The hip bridge is a simple and practical field assessment that can be used to monitor hip extension endurance, posterior-chain endurance and pelvic control. It is commonly used in fitness, sport, rehabilitation-adjacent exercise settings and performance monitoring because it is easy to set up, requires minimal equipment and can be repeated over time.

The double-leg version is less demanding and may be useful as an entry-level bridge endurance test. The single-leg version is more demanding and allows left-right comparison.

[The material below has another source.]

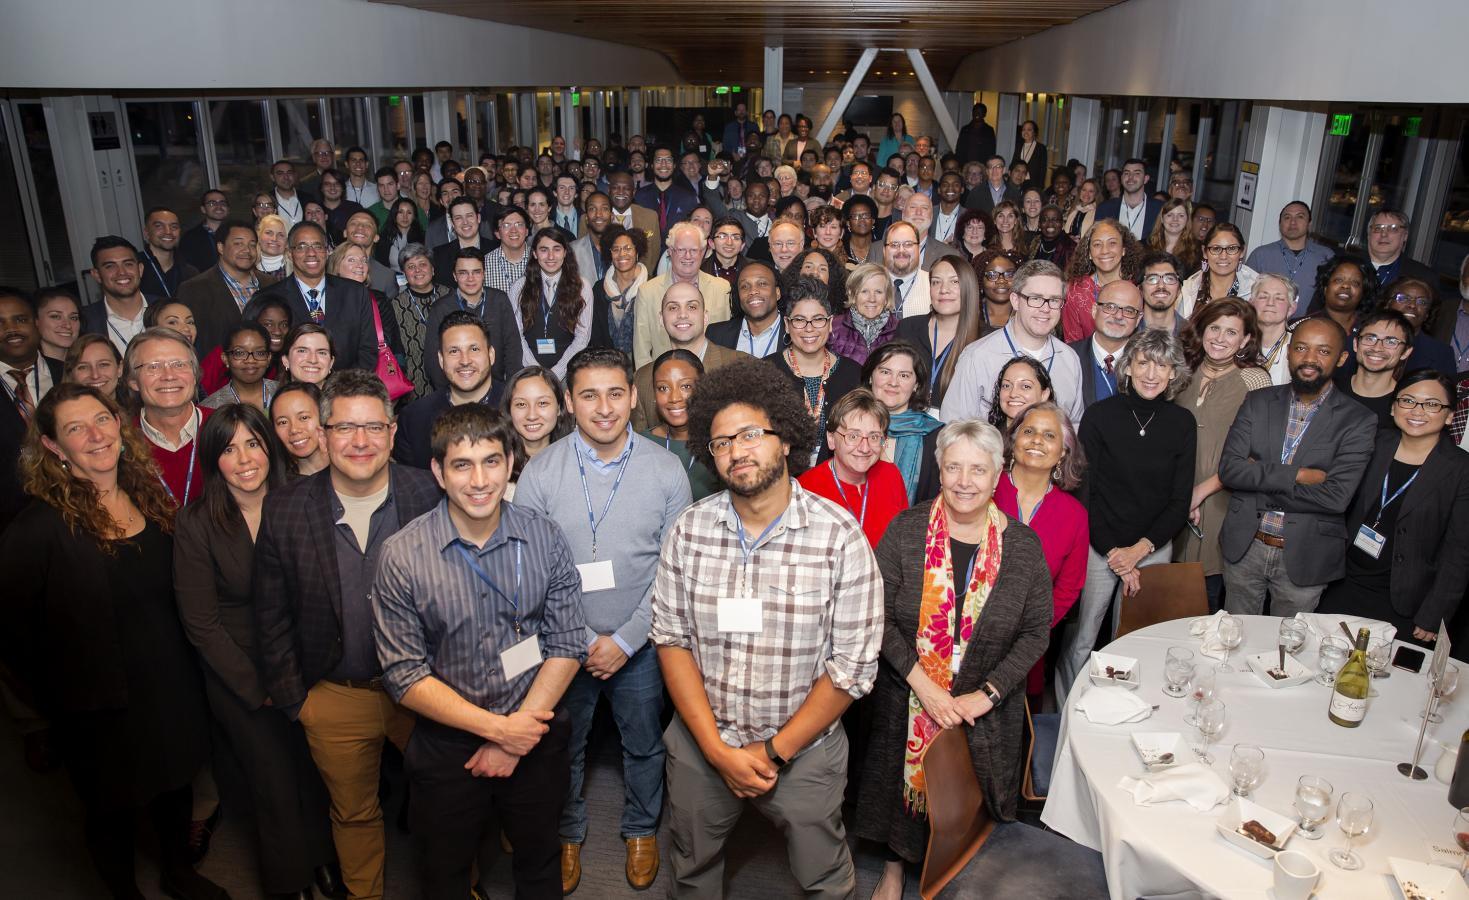 Attendees of the 2018 UC Berkeley led Research Alliance conference

The result should not be used alone to diagnose hip pain, low back pain, glute weakness, injury risk or readiness. It should be interpreted with symptoms, hip ROM, lower-limb strength, hamstring bridge testing, trunk endurance and functional movement.

Quick Summary

Test name: Hip Bridge Endurance Test
Common versions: Double-leg hip bridge, single-leg hip bridge, timed hold, repetition test
Category: Hip extension endurance / posterior-chain endurance / pelvic control
Primary score: Hold time in seconds or valid repetitions completed
Best use: Baseline testing, side-to-side comparison, retesting and progress tracking
Key limitation: Results are protocol dependent and should not be interpreted as isolated glute endurance

What Is This Assessment?

The Hip Bridge Endurance Test assesses the client’s ability to hold or repeatedly perform a bridge position while maintaining pelvis and trunk control.

Common versions include:

Double-leg hip bridge hold
Double-leg hip bridge repetitions
Single-leg hip bridge hold
Single-leg hip bridge repetitions
Elevated hip bridge
Loaded hip bridge if intentionally standardised

The exact setup must be recorded because foot position, knee angle, bridge height, tempo, side tested and stopping criteria all influence the score.

Why It Is Used

The Hip Bridge Endurance Test may be used to assess:

Hip extension endurance
Gluteal endurance contribution
Posterior-chain endurance
Pelvic control
Trunk and lumbopelvic control
Side-to-side differences in the single-leg version
Baseline and retest change
Symptom response during bridge loading
Progress after endurance or strength training blocks

It is most useful when combined with related findings such as hip range of motion, lower-limb strength, balance, hamstring bridge testing, hop testing and symptoms.

What It Measures

The primary score is either hold time in seconds or valid repetitions completed.

The result may reflect:

Hip extension endurance
Gluteal and posterior-chain contribution
Pelvis control
Trunk control
Side-to-side endurance difference
Fatigue tolerance
Pain or symptoms
Cramping
Familiarisation and motivation

It should not be described as an isolated glute test because hamstrings, trunk, pelvis and foot position can all influence performance.

Who It Is Useful For

The test may be useful for:

General fitness clients
Runners
Field and court sport clients
Gym and strength-training clients
Clients completing posterior-chain endurance monitoring
Professionals wanting a low-equipment baseline test
Professionals tracking side-to-side differences using a single-leg version
Clients progressing from basic bridge control to more demanding endurance tasks

It may not be appropriate if the client cannot tolerate the bridge position, experiences cramping immediately, has high pain irritability, cannot maintain safe pelvis control or cannot perform the test with consistent form.

Equipment Required

Mat or flat surface
Stopwatch or Measurz stopwatch
Measurz rep counter for repetition-based testing
Measurz metronome for cadence-controlled protocols
Optional bench, box or step for elevated variations
Optional Measurz AR measurement for foot distance, bench height or setup consistency
Optional inclinometer for pelvis or trunk position
Optional MAT tools such as Muscle Meter or Anker for related isometric hip extension testing
Measurz platform for side, hold time, reps, symptoms, cramping, compensation and retest comparison

For timed holds, use the Measurz stopwatch. For repetition-based versions, the Measurz rep counter and metronome can support consistent scoring and cadence.

Step-by-Step Protocol

Double-Leg Hip Bridge Hold

  1. The client lies supine with both feet on the floor.
  2. Record foot position, knee angle and arm position.
  3. Ask the client to lift the pelvis into a bridge position.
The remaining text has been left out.